Servizi, corto circuito istituzionale. Gentiloni non molla la delega sugli 007

La poltrona è sempre stata tanto prestigiosa quanto delicatissima. A maggior ragione oggi che la minaccia terroristica preme ai confini. L’incarico di “Autorità Delegata” all’intelligence e ai Servizi segreti – ruolo che nel precedente governo era ricoperto dal pd calabrese Marco Minniti – è, al momento, vacante.
Paolo Gentiloni se lo tiene ben stretto e, per ora, non ha voluto cederlo dando così sostanza alle voci di corridoio che segnalavano scazzi fra lui e Renzi su questa questione precisa del coordinamento dei Servizi Segreti. Renzi voleva che la poltrona restasse a Minniti, già “ministro ombra” dell’Interno del Pd. E già Autorità delegata all’Intelligence e ai Servizi SegretiGentiloni non ci ha pensato un attimo. E si è tenuto le deleghe per sé. Proprio nel momento in cui l’Italia avrebbe bisogno del massimo coordinamento fra l’intelligence e il governo nella lotta al terrorismo.

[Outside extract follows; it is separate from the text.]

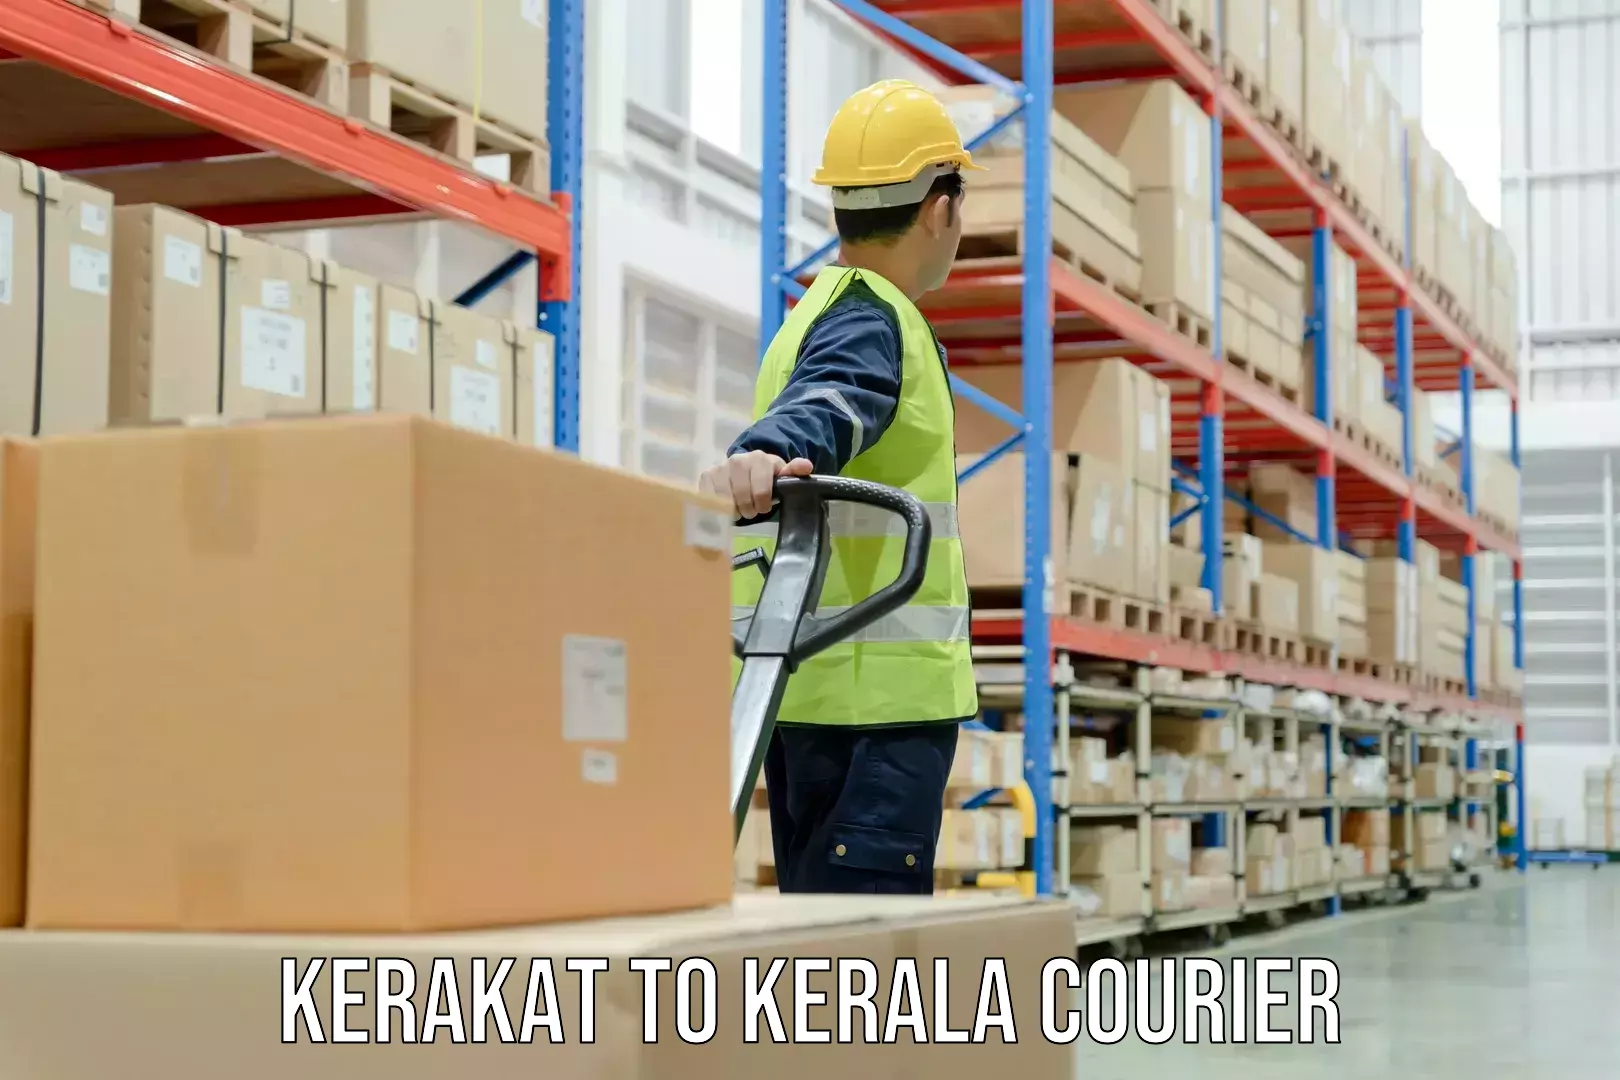 Package tracking Kerakat to Kakkur

«Gentiloni non ha ancora assegnato ad un sottosegretario le deleghe all’intelligence, dopo la nomina di Marco Minniti a ministro dell’Interno. Vedremo cosa accadrà – accusa il presidente del Copasir, Giacomo Stucchi, al termine dell’audizione del direttore dell’Aise, Alberto Manenti – ma fare il presidente del Consiglio ed avere contemporaneamente la delega ai Servizi Segreti significa, ad esempio, essere presente al Copasir e dirigere l’attività del Governo».
«Sono due lavori delicati e pesanti – precisa Stucchi – non a caso si è sempre preferito affidare le deleghe ad un sottosegretario che si occupa solo di quello e fornisce le prime informazioni al premier».
In effetti proprio sul portale degli 007 italiani c’è scritto a chiare lettere che «l’incarico di Autorità delegata può essere ricoperto da un sottosegretario di Stato o da un ministro senza portafoglio che non può esercitare ulteriori funzioni di governo».